Both parties brought in Supreme Court specialists for their representation in Fry v. Napoleon Community Schools. Petitioners hired civil rights attorney and University of Michigan Law Professor Samuel R. Bagenstos, while respondents brought in ex-Acting Solicitor General and Hogan Lovells partner Neal Katyal. Petitioner Wells Fargo also brought Katyal in as a representative in Wells Fargo & Co. v. City of Miami.
In Czyzewski v. Jevic Holding Corporation, veteran Supreme Court attorney Christopher Landau was representative for respondent Jevic Holdings in the Third Circuit and will be in the Supreme Court, while petitioners brought in WilmerHale’s Craig Goldblatt for their Supreme Court case.

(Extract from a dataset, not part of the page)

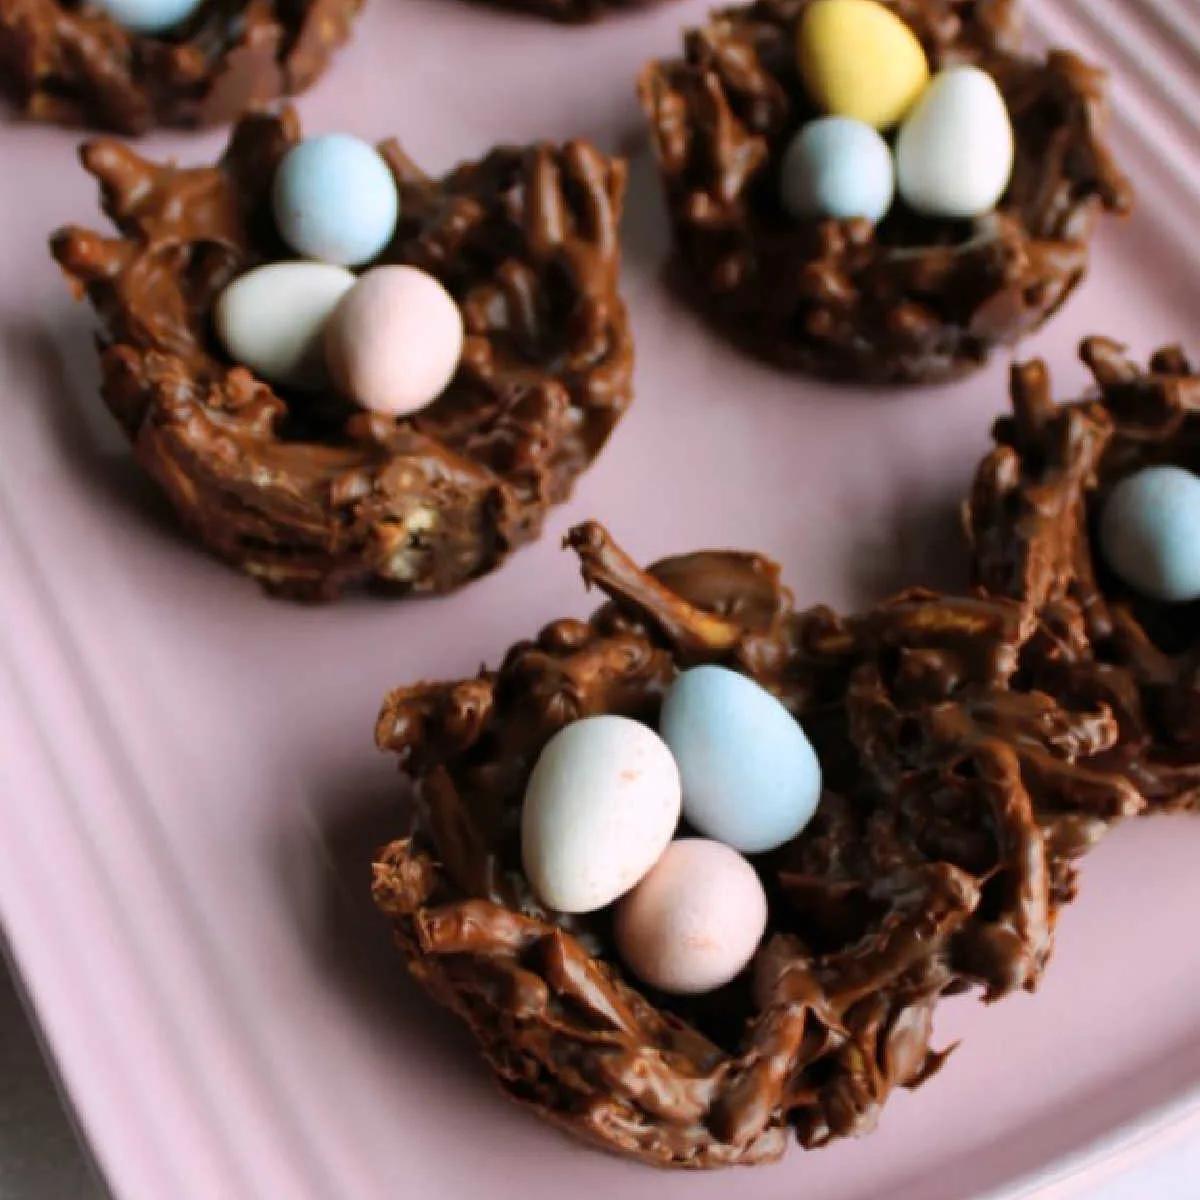 Treats shaped like birds nests made out of chocolate, peanut butter and crunchy chow mein noodles filled with pastel candy eggs on pink platter.

Petitioner in the capital case Moore v. Texas brought in Skadden Arps attorney Cliff Sloan for their Supreme Court representation. Finally petitioners in Lightfoot v. Cendant Mortgage Corporation hired Orrick’s veteran Supreme Court litigator E. Joshua Rosenkranz as counsel of record. Rosenkranz was representative in numerous past Supreme Court cases including Kirtsaeng v. John Wiley & Sons, Inc., Sheriff v. Gillie, City of Los Angeles v. Patel, and
Fox v. Vice.
Along with these twelve shifts in representation towards Supreme Court Bar attorneys, there were more subtle shifts. As an example, Supreme Court specialist Carter Phillips was on the briefs and of-counsel in the Federal Circuit for petitioner Life Technologies in Life Technologies Corporation v. Promega Corporation, yet he is counsel of record for petitioners in the Supreme Court.
These movements help to articulate and accentuate the bi-directional importance of specialized Supreme Court practice. For parties this provides representatives well versed in the intricacies of Supreme Court practice while for the advocates these cases provide the material that helps them maintain their spots at the acme of this highly sought-after terrain. Together they help to maintain the coveted and limited spaces atop the Supreme Court Bar.